I Don't Know
Welcome to My two cents, my perspective, and the random rabbit holes I’ve been curious enough to dive into. I’m not here to convert anyone or push an agenda I’m just someone who asks a lot of questions and notices when things don’t quite add up. I spent years in the startup world, and eventually found myself drawn into behavioral health through a deeper curiosity about people, belief systems, behavior, and human nature. My writing is shaped by both personal experience and professional insight, mixed with a constant thirst for knowledge and an unwillingness to blindly accept surface-level answers. Some of what I write may resonate, some may challenge you, and some you may completely disagree with. That’s the point. Take what speaks to you and leave the rest, no pressure, just perspective.
I never had a “relationship” with God. Not because I don’t believe in Him, but because I didn’t believe in myself enough to know what that means for me. During my journey into adulthood, and after surviving and outliving some life-threatening experiences, I never turned to God for answers. I never considered it His responsibility to answer questions that I needed to find answers to myself.
My family of origin is Jewish. My extended family is too. Does this mean that I am Jewish?
Well, I don’t know.
I don’t practice the holidays, I don’t know much about them, and I don’t seek out spiritual or religious support for my humanity. From a clinical standpoint, I could easily self-diagnose as someone who thinks God picked on me, and that this is why my life was so extremely hard. But that concept doesn’t make any sense.

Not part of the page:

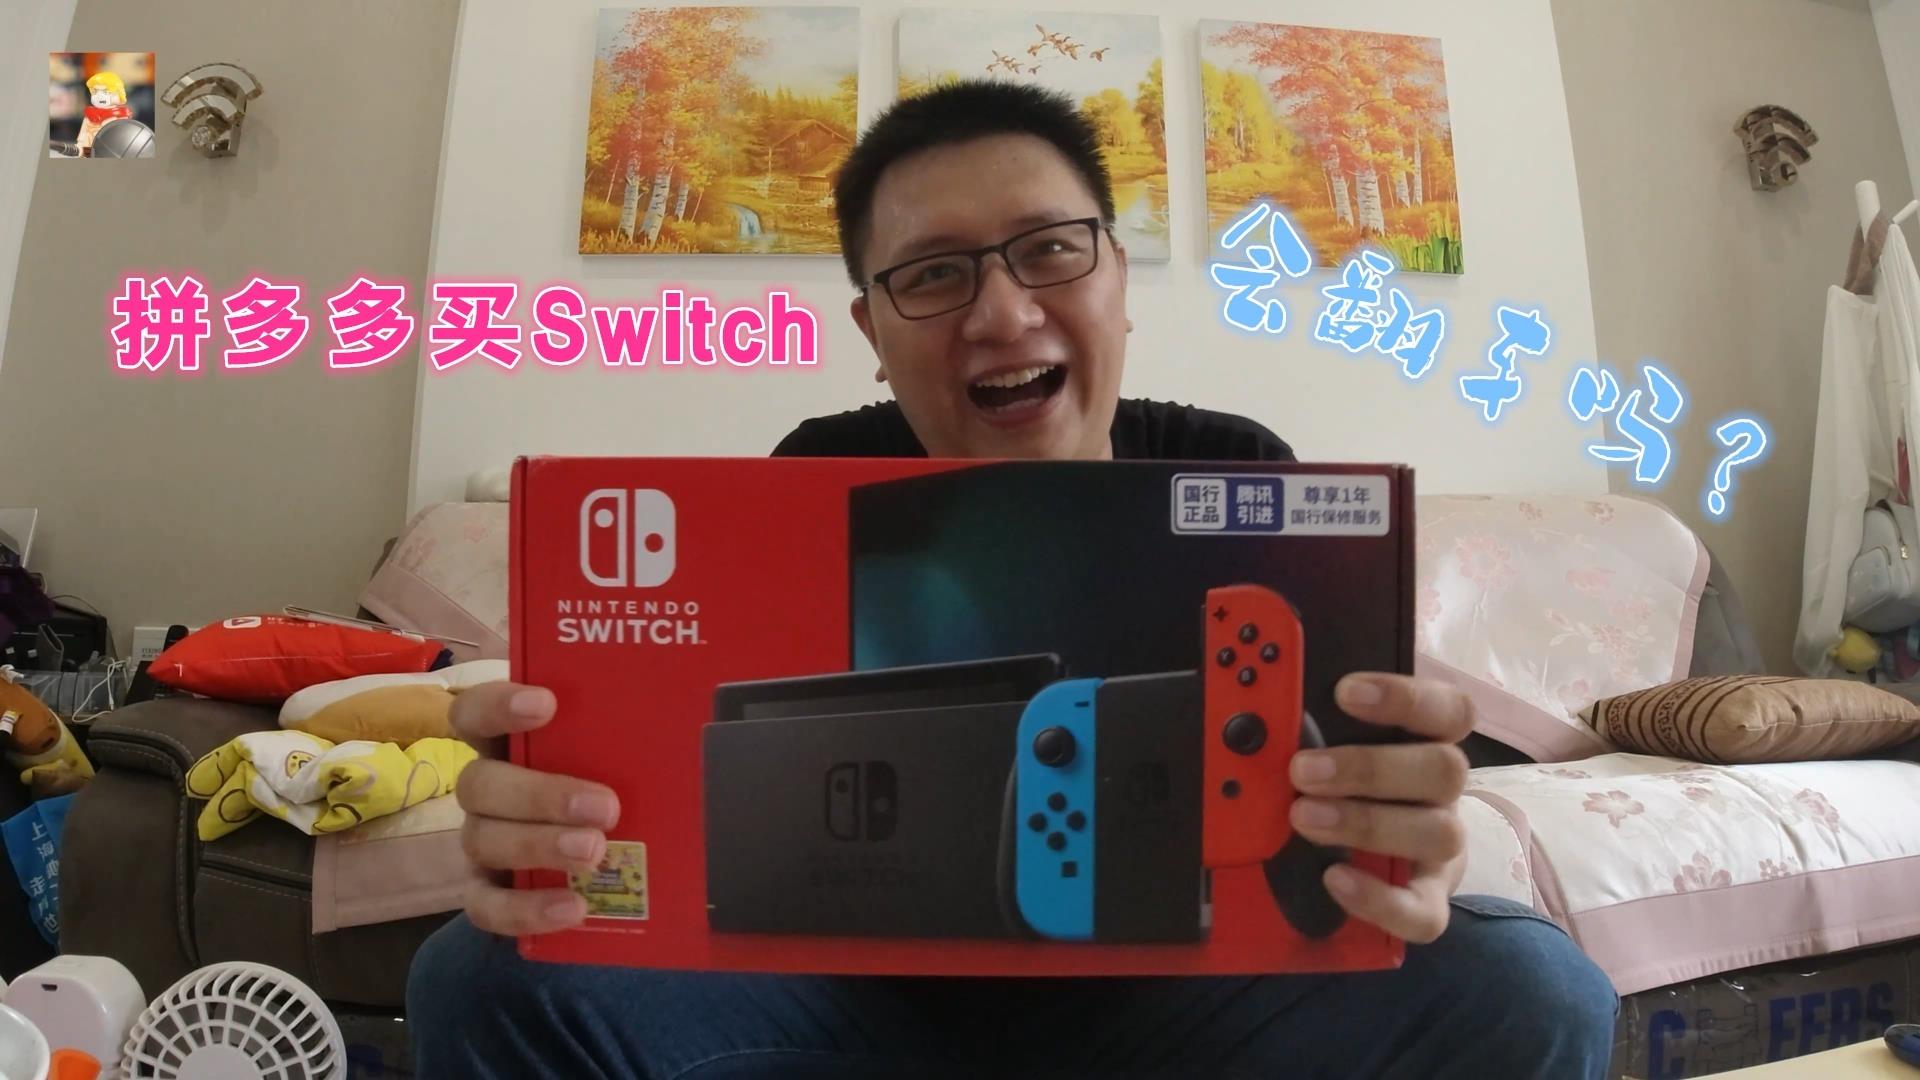 花1700元在拼多多上买一台switch,会翻车吗?

Everyone has hardships, so does God pick on everyone? He’s just a big prankster? This doesn’t land for me either. Do I have to believe in something for it to be true? That’s a circular question and argument that doesn’t attack context, just fans off content. How do I know if God is real?
Well, I don’t know.
I spent 11 years working in the nonprofit, faith-based industry. The company I worked for, and later helped run, was the first national startup to create an online platform that allowed parishioners and congregations to donate to their churches, temples, and synagogues online. We helped religious institutions run fundraisers, support local communities, and initiate meaningful support for hospitals and other organizations. I loved my time in this industry. It was rewarding, heartfelt, and progressive. Throughout the years, I got to visit and work with hundreds of different religious institutions. Was God part of this process?
Well, I don’t know.
When I was little, I read the Torah. I carried it with me to school every single day, and if it ever fell, I would immediately pick it up and kiss it. In fact, when I was about 10 years old, my dad was helping me take off my backpack after school, and the Torah accidentally fell out onto the floor. I remember becoming very serious and telling my father to pick up the Torah, kiss it, and carefully place it back into my backpack. I still remember that moment so clearly. Even at such a young age, I understood how sacred and meaningful the Torah was to me, and I treated it with the deepest respect and love every single day. Was it because I believed in God or because I was taught that in school? We had prayer at school.
Well, I don’t know.
I don’t think I am lost, nor do I think I am not a believer. I just don’t fit the mold. I feel disheartened by the constant competition over which “God” is the real God. I watch lifelong worldly conflicts revolve around religion and the endless struggle over which faith is the “right” one or the favored one. I cannot rationalize the idea that, among all human beings, some are chosen while others are not. If God created all of us in His image, why would He choose one people above every other? To me, that idea feels deeply contradictory and, at times, even narcissistic. Did God just choose one people based on their history? But didn’t he write all history?
Well, I don’t know.
I believe religion is far more complex, compassionate, and universal than the rigid boundaries people create around it. So much division, hatred, and suffering have come from humanity’s need to claim ownership over God, as if the divine could belong exclusively to one religion, one culture, or one group of people. That has never fully made sense to me. My questions do not come from a lack of faith, but from a desire to understand humanity, morality, and the deeper meaning of existence in a way that feels honest and authentic to me. I still believe there is something greater than us, but I struggle with the way people weaponize religion, turning it into competition instead of connection, compassion, and understanding. So maybe my beef isn’t necessary with religion or God, maybe it’s with people and their relationships with God?
Well, I don’t know.
On the other hand, I also disagree with people who, despite never having read the Bible or explored religious literature for themselves, completely dismiss God, religion, or people of faith. I find it just as frustrating when people judge believers without ever taking the time to genuinely understand what they believe or why faith matters to them. I remain torn and still in search of answers. I am taking my time reading different literature, reflecting deeply, and trying to figure out where I truly stand and what side of the coin I am on. I do not want my beliefs to come from pressure, fear, tradition, or rebellion. I want them to come from understanding, honesty, and personal conviction. Is God leading me through this process?
Well, I don’t know.
What really annoys me is when people immediately ask what I believe in or what religion I am, as if that single answer can fully define me as a human being. It often feels like the moment I answer, I am instantly placed into a mental file: “non-believer,” “ignorant,” “Jewish,” “Christian,” or something else entirely. People tend to make assumptions the second they can label you, and I have always struggled with that. Human beings are far more layered and complex than a religious category or title.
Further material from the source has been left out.